_TASK INPUT_
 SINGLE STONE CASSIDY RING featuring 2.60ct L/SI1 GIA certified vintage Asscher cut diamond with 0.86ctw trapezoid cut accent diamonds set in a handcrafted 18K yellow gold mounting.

...

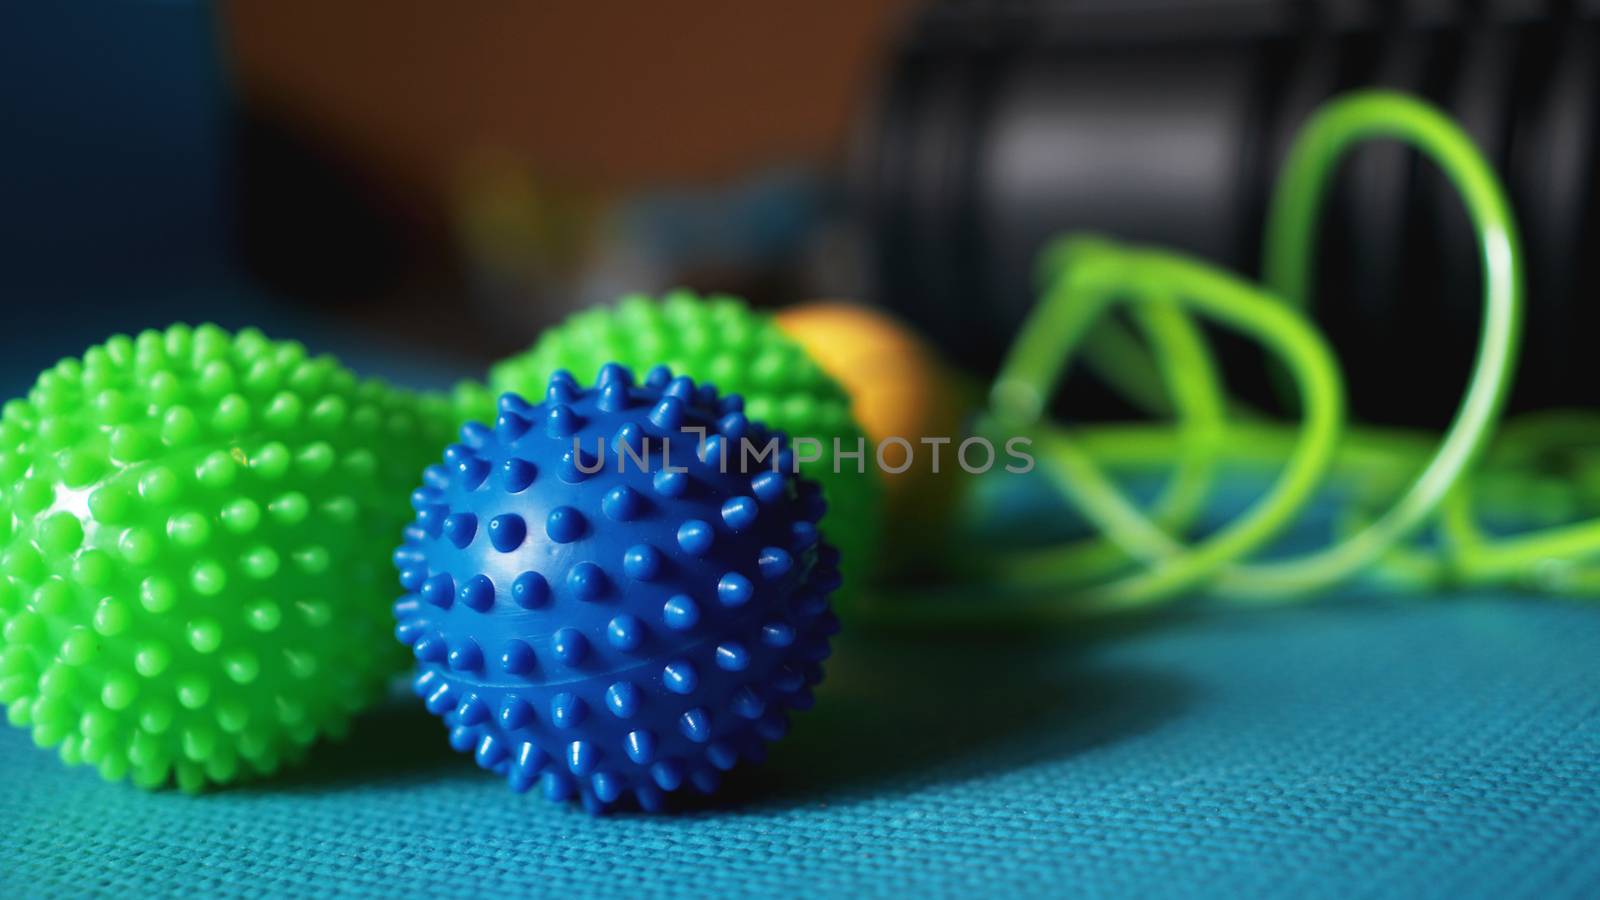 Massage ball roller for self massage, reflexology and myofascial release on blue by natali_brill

...

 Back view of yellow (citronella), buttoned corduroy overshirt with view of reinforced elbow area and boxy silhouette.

_WHAT TO PRODUCE_
Find all the lines containing "with" in the material, then copy them.

_FINISHED EXERCISE_
 SINGLE STONE CASSIDY RING featuring 2.60ct L/SI1 GIA certified vintage Asscher cut diamond with 0.86ctw trapezoid cut accent diamonds set in a handcrafted 18K yellow gold mounting.
 Back view of yellow (citronella), buttoned corduroy overshirt with view of reinforced elbow area and boxy silhouette.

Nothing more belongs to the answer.